Commit Graph

2749 Commits

Author SHA1 Message Date
Michael Matz
c883d43ae5 fixes for deadlocks and dollars in asm
* tccelf code doesn't use USING_GLOBALS, hence must be called from
  outside the semaphore
* dollars aren't part of identifiers in asm mode
2020-06-21 01:45:35 +02:00
Michael Matz
18db8da7df Workaround old GCC viz indexed string literals
GCCs before gcc8 didn't deal with these where constants are
required.
2020-06-20 23:17:02 +02:00
Michael Matz
1711eb2ef3 macos: add overview comment 2020-06-20 22:25:08 +02:00
Michael Matz
d174af08f9 macos: Fix memtest
* free allocated memory
* fix weak symbols related to -run
* remove memtest from ignored tests for OSX
2020-06-20 22:17:08 +02:00
Michael Matz
ac86fb50cd macos: Tidy code 2020-06-20 22:17:08 +02:00
Michael Matz
c86760c1e9 macos: Read exported symbols from dylibs
up to now we simply assumed that any undefined symbols will be
provided by some shared libs on the cmdline.  Now we check this.
2020-06-20 22:17:08 +02:00
Michael Matz
fbfe6209be macos: Fix asm-c-connect-test
via some heavy-handed hackery in the ASM symbol handling in case
C symbols get a leading underscore (but ASM symbols do not).
But this is now like clang and GCC on Darwin work: asm symbols are
undecorated, C symbols get a _ prepended, so to connect both some
trickery is involved for the ASM symbols that don't have a _ prepended.
They must be included in the C symbol table (because that's what we use
to lookup also ASM labels), but they also must not disturb the normal
C symbol (which don't have the _ prepended), so they need some mangling.

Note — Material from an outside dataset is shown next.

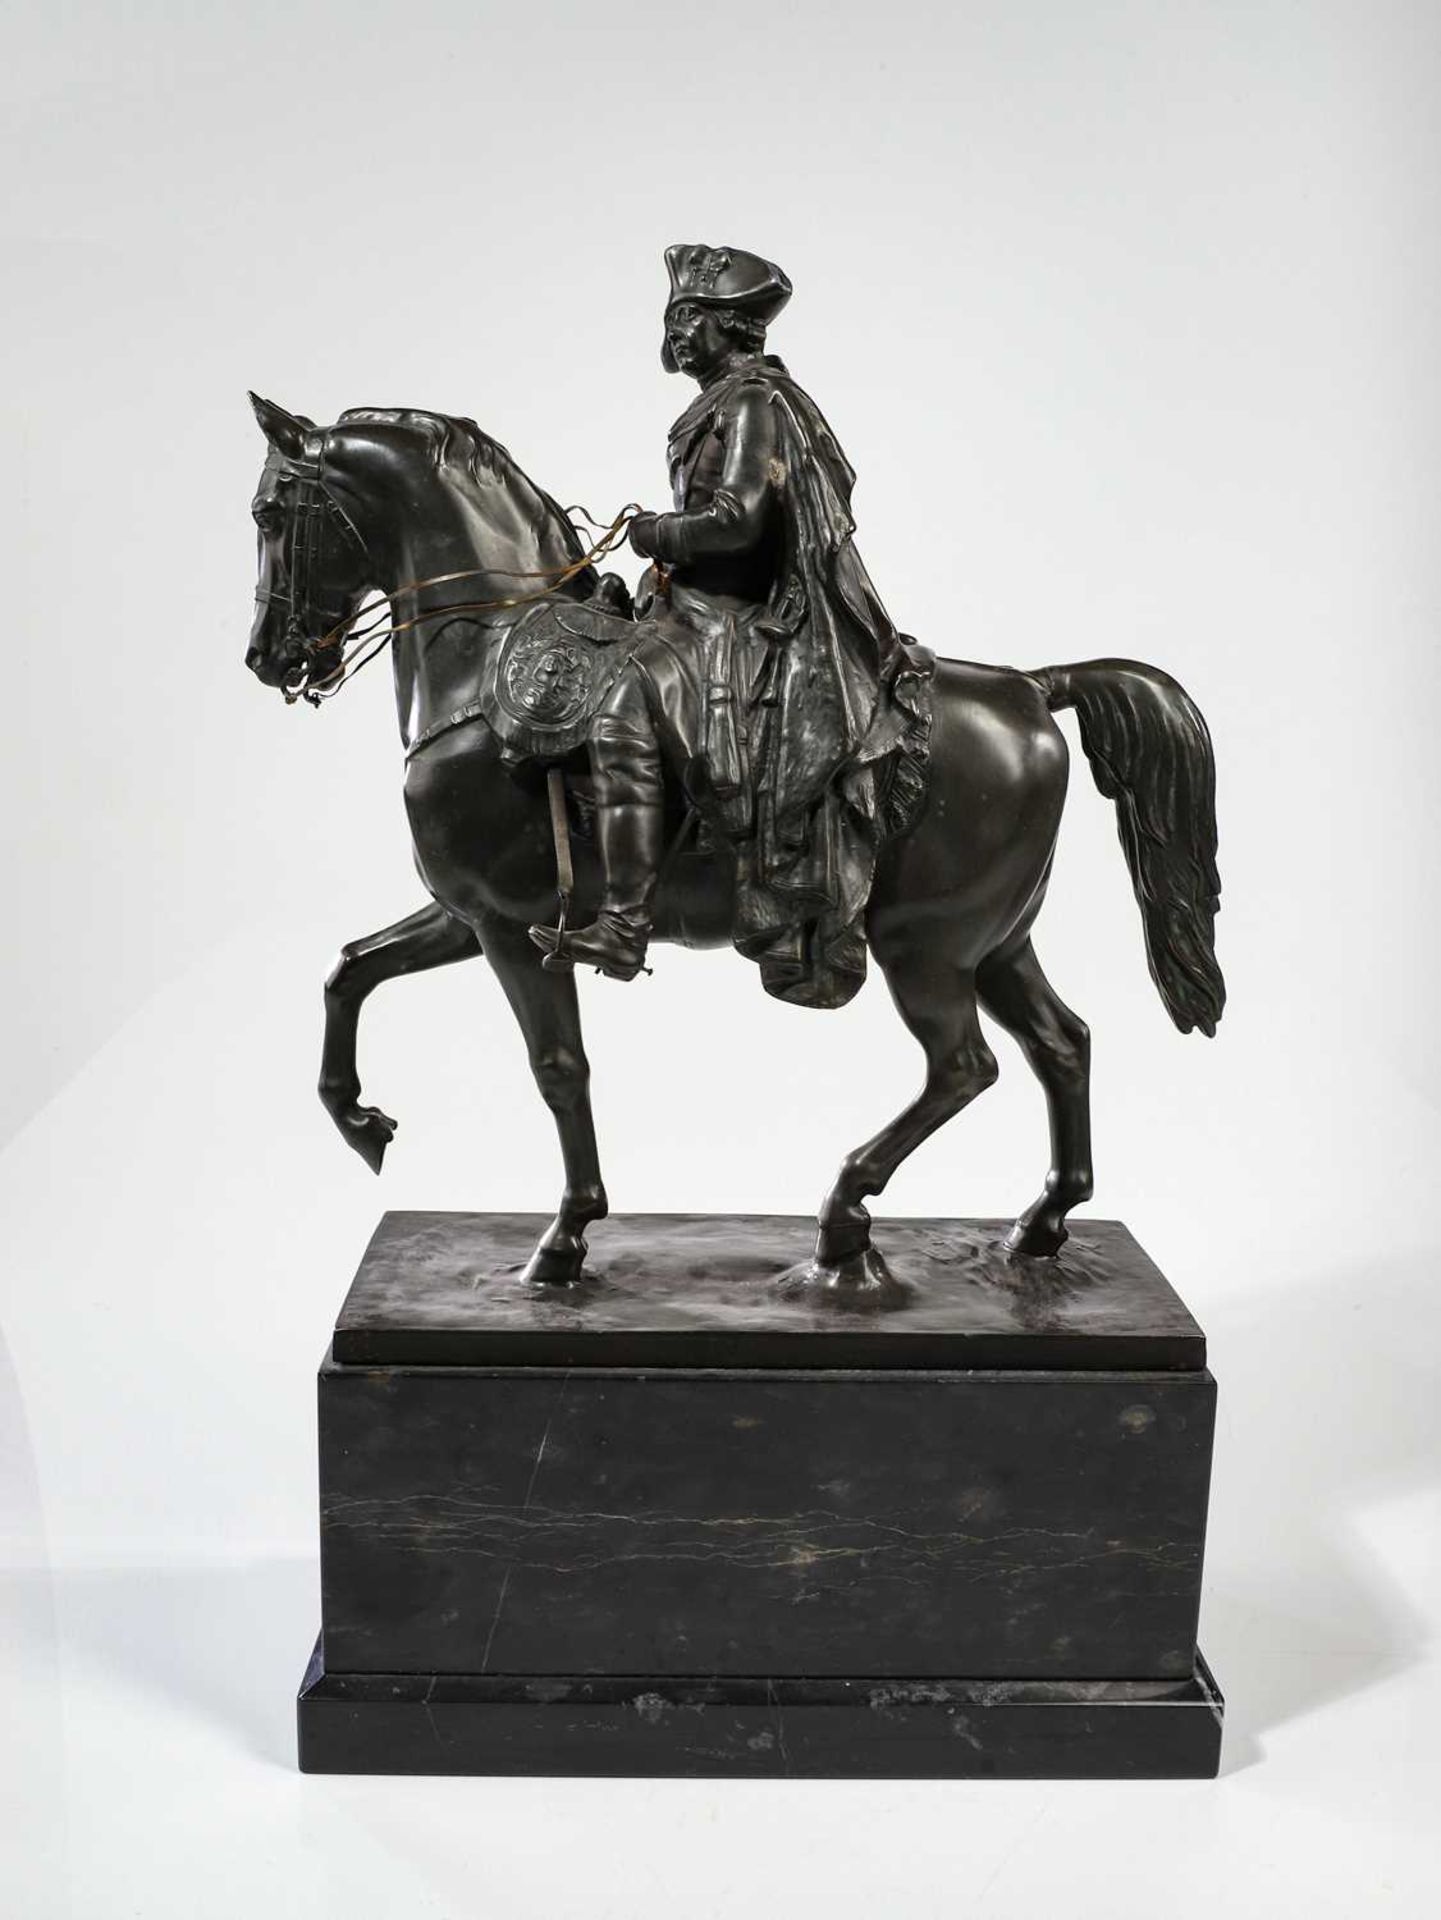 Skulptur von "Friedrich der Große" - Image 4 of 27

A bit unsatisfying, but well.  So, add asm-c-connect-test to the working
ones for Darwin as well.
2020-06-20 22:17:08 +02:00
Michael Matz
3cf7bec12f macos: Enable all working tests
all except the below work now on MacOS, also as executable test,
not just with -run:
* dlltest - we don't support dylib generation (yet)
* memtest - tccmacho.c contains some leaks
* asm-c-connect-test - some confusion with underscores still
2020-06-20 22:17:08 +02:00
Michael Matz
f486b19f56 macos: bound_alloca symbol adjust
so that tests/boundtest.c links as well.
2020-06-20 22:17:08 +02:00
Michael Matz
f2e154e1e5 macos: Disable verbose linking output 2020-06-20 22:17:08 +02:00
Michael Matz
9ce5b4a691 macos: Adjust tcctest.c for clang
we need to disable or adjust some tests where clang behaves
slightly different from GCC:
* slight difference in __FILE__ behaviour
* difference (to less useful vs GCC) in computed #include
* difference in __builtin_constant_p
* attribute(weak, alias) isn't supported by clang on MacOS (though
  it could be, as Mach-O has the capabilities for this)
* the built-in assembler of clang is mediocre

this was all checked with
  Apple LLVM version 10.0.1 (clang-1001.0.46.4)
2020-06-20 22:17:08 +02:00
Michael Matz
4eff2b5f6a macos: more adjustments for OSX systems
* instead of /usr/include use the current SDK path as system
  include directory (/usr/include is empty with current tools)
  (this also removes the need to add these paths in individual
  Makefiles)
* define _DARWIN_C_SOURCE in tcc.h to get the full set of decls
  from system headers (e.g. vsnprintf), similar to _GNU_SOURCE
  (and don't define _ANSI_SOURCE in the main Makefile anymore)
* tests/tests2/Makefile: remove the -w flag, it's added when necessary
  in the rules generating the .expect files
2020-06-20 22:17:06 +02:00
Michael Matz
f18f865159 Handle always_inline as GNU inline
this is needed for multi-file testcases using stdio.h, as
the __sputc function is implemented as a extern inline
function (with gnu_inline attribute, but we don't support that for now).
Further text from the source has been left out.